First of all, "Lust Lust Lust" is much better than "Psychocandy" because it's executed better -- with better tunes, better vocals, and better harmonies.  You can call the feedback and murky production a tie.

And "Observator" is much better than "Lust Lust Lust" because whereas the latter does one or two things well (because that's all it needs), the former does a bunch of things well, or more specifically, each song excels at something different from all the others.  

2.  Sigur Ros, "Valtari" (Parlophone) 

I still can't figure these guys out, just when I thought they might be going pop (on their last album), they went the opposite way and became the Icelandic Stars of the Lid.

1.  Beach House, "Bloom" (Bella Union)

I'm a bit tired of reading about other people's favourite albums of the year, not least because I feel bad about not having time to listen to them all.  Sometimes its better just to avoid tasks that seem too overwhelming.  And I can't stand critics lists where they try to justify their pick with some kind of higher cultural significance, i.e. "in a year where [signficant political event] dominated the landscape, [album] encapsulated the times perfectly."

As great as 2012 was for music, Beach House's "Bloom" was my album of the year by miles, and this was never in doubt almost from the first listen.  Even so, if you haven't heard it already then you probably don't have the time or energy to listen to it because just like everybody else (including me), you've got a backlog of other albums that you hope you catch up with one of these years.  I get that.  

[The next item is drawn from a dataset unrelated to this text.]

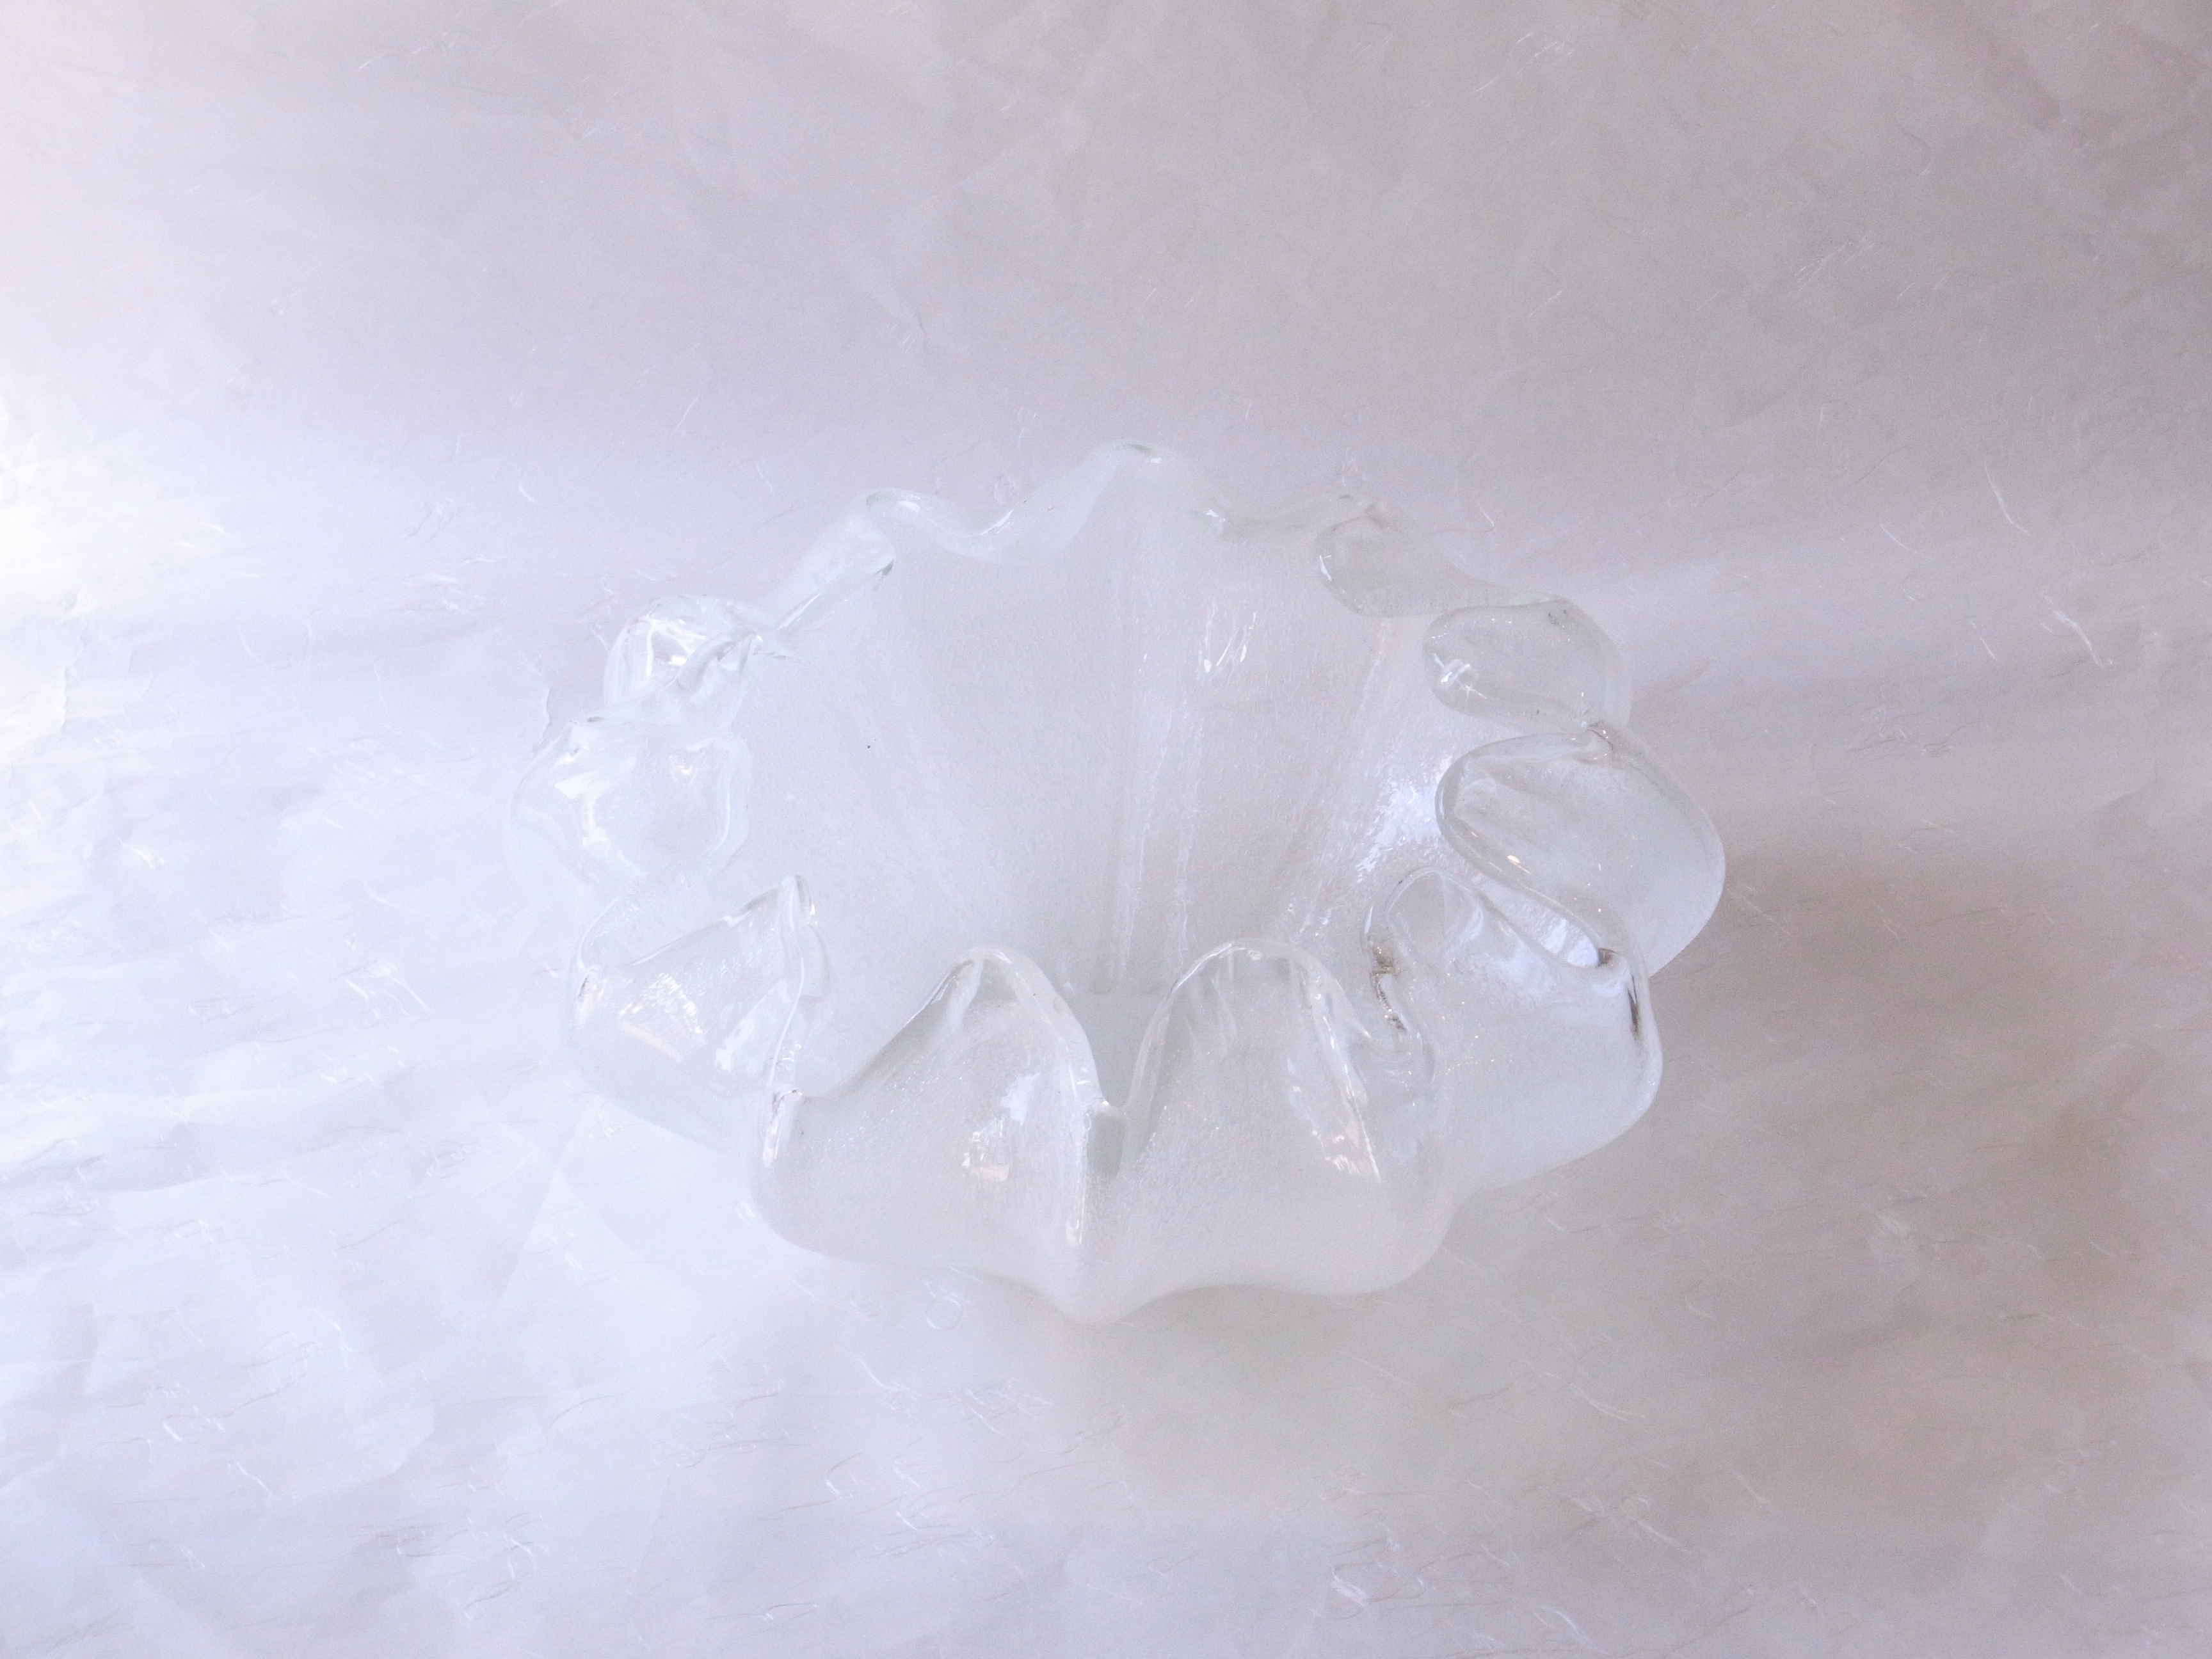 日本製　手づくりガラス　花器　花びら型　白泡　日本の職人さんが作った　つぼみから　花が開きかけている　最もいい状態　再現　ガラスを高温で熱する　熱でやわらかい内に　曲げたり　切ったり　加工しながら　花器の形　仕上げて作られる　多くの経験　熟練の技術が必要　花器の高さ　花びらの形　加工には相当の苦労が伴う　白と透明　泡の入った部分　氷のような涼しさ　無彩色　ほとんどの花を活けることが出来る　花を選ばない　様々　剣山　透明感　涼し気　存在感がある花器　日本製　陶器　磁器　陶磁器　漆器　茶道具　華道具　贈り物　ギフト　記念品　引出物　法要　お返し　専門店　リアル店舗　茶の湯　茶道　裏千家　表千家　茶会　月釜　抹茶　高品質　安らぎ　いやし　よりおいしく　安心　機能的　長持ち　人気　おすすめ　高機能　ネット通販　ネットショップ　セレクトショップ　欲しい　購入　買う　買い物　岐阜県　岐阜市　美殿町　小林漆陶　特別な　選び抜かれた　品質重視　使いやすい　格安　老舗　誕生日　結婚　出産　入学　退職　母の日　父の日　敬老の日　クリスマス　プレゼント　叙勲　長寿　新築　お祝い　御礼　内祝い　外国土産　海外みやげ　実店舗　創業１００年以上　使うと分かる　職人技 日本一の品揃え　日本一の在庫数　専門店　専門知識　数万点の在庫　百貨店（高島屋　三越　伊勢丹　松坂屋　大丸）にない　手作り　お洒落　高級品　希少価値　上質な器 伝統工芸品　コスパ　お値打ち　お買い得　堅牢　飽きない　永く使える　お気に入り　国産　料理が映える　満足感　豊かな食生活　豊かな食文化　こだわりの器　日本文化　他にない　ここにしかない　オリジナル　独自の　個性的　ここでしか買えない　超レアもの　一品もの　現品限り　入手困難　いい器　匠の技　美しい　実用的　外人が喜ぶ店　外人が珍しがる店　外人がうれしい店　日本各地の一級品を売る店　日本全国の器を売る店　本当にいいもの コスパ高い　一流品　修理　選りすぐりの逸品　周年記念　永年勤続表彰　退職記念　卒業記念　日本土産　岐阜土産　岐阜のおみやげ　岐阜の特産品　料理を引き立てる器　高級店　一流店　岐阜で一番　東海で一番　中部で一番　日本で一番　おしゃれな店　地域一番店　実店舗　陶磁器　磁器　華道具　ガラス器　明治４２年創業　有田焼　清水焼　美濃焼　赤津焼　万古焼　常滑焼　九谷焼　唐津焼　萩焼　信楽焼　万古焼　砥部焼　備前焼　丹波焼　山中塗　春慶塗　讃岐塗　越前塗　輪島塗　紀州塗　会津塗　小田原木工　桜皮細工　秋田杉　駿河竹細工　七宝焼　南部鉄器　錫製品　江戸切子　津軽びいどろ　　　

So rather than sit in front of the computer for hours, hopelessly trying to write the perfect blurb about how incredibly great "Bloom" is, for people who will likely never get around to listening to it no matter what I say, I've picked out the best bits of the album -- the very best part each of its ten songs -- and edited them together for your listening convenience.  Now you only have to spend a breezy 1:45 to hear the very best that "Bloom" has to offer.  Well, perhaps not the absolute very best, because I could have picked out a few dozen fantastic moments just from the opening song, "Myth".  But I wanted to have the entire album represented.  

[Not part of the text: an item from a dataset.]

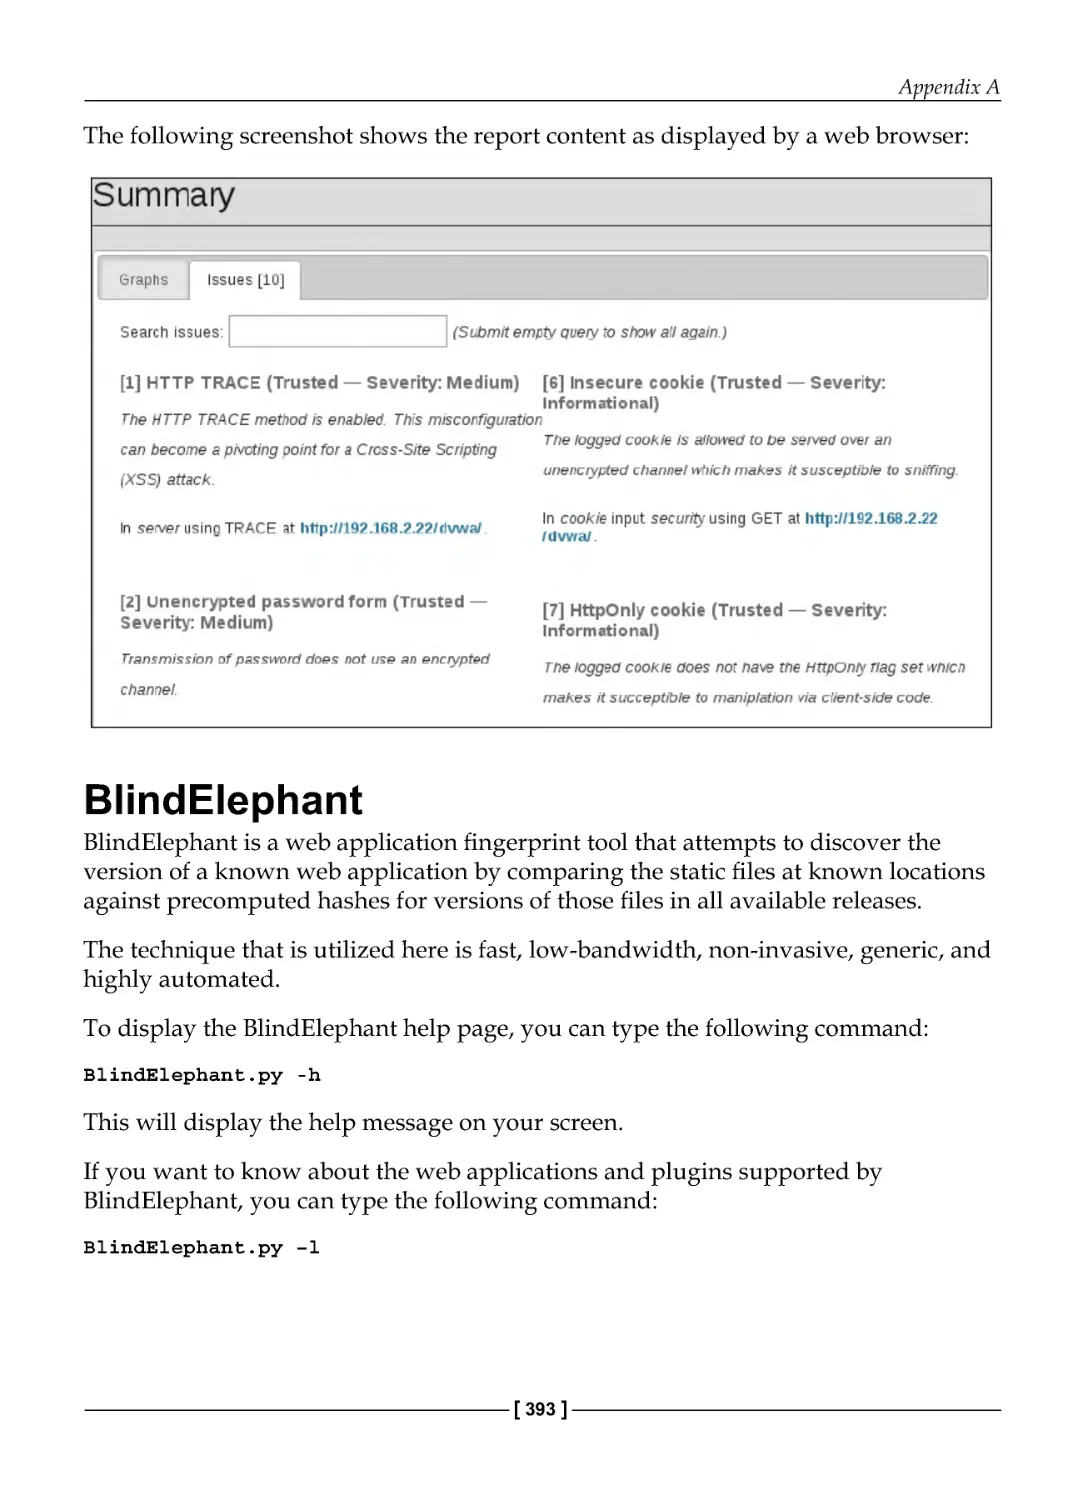 BlindElephant

I have no idea if this will excite anyone enough to go out and hear the entire album for themselves.  The truth is that I was more worried about ruining the album for myself.  If you keep rewinding and rewatching a scene from a movie or TV show, you run the risk of ruining that scene by oversaturation, and losing your enthusiasm for the rest of the movie because you only want to fast forward to get to the best scenes.  Fortunately, I've heard the 1:45 version of "Bloom" a number of times already and it only makes me want to put the album on repeat and never take it off.  

Now that's a great album.  

"Myth", 1:12 - 1:20.  Probably the best Cocteau Twins impression ever ("Heaven or Las Vegas" era), which includes about 70% of the music recorded by the Cocteaus.  

"Wild" :59 - 1:08.   Out of all the "Saint Etienne goes shoegaze" moments on the album, this might be the best.  

"Lazuli", 1:59 - 2:13.   This short bridge might be the finest moment on the album.   

"Other People", 2:19 - 2:27.  Another brief bridge/interlude.

"The Hours", 1:16 -1:31.  Of course the best part of this song had to be the chorus, because it's the best chorus on the album.  It actually pained me to cut this clip down to less than fifteen seconds.  

"Troublemaker", 1:49 - 1:56.  It's the weakest song on the album, but the chorus still delivers.

"New Year", 1:54 - 2:05.  This is during the mid-song break where there's a "Loveless"-lite passage with wailing guitars and other noises that sound like seal cries.  

"Wishes", 2:20 - 2:27.  Yet another great instrumental passage.

"On the Sea", 4:40-4:51.  I had no choice but to go with the big finish.

"Irene", 4:02 - 4:09.  The repeated refrain in the song's last three minutes can't be topped, but it also can't be easily excerpted.  So I chose the moment when the guitar revs up again and starts re-entering the song in full force, because that's the exact moment when the "Hey Jude" repeat until forever ending becomes an inevitability.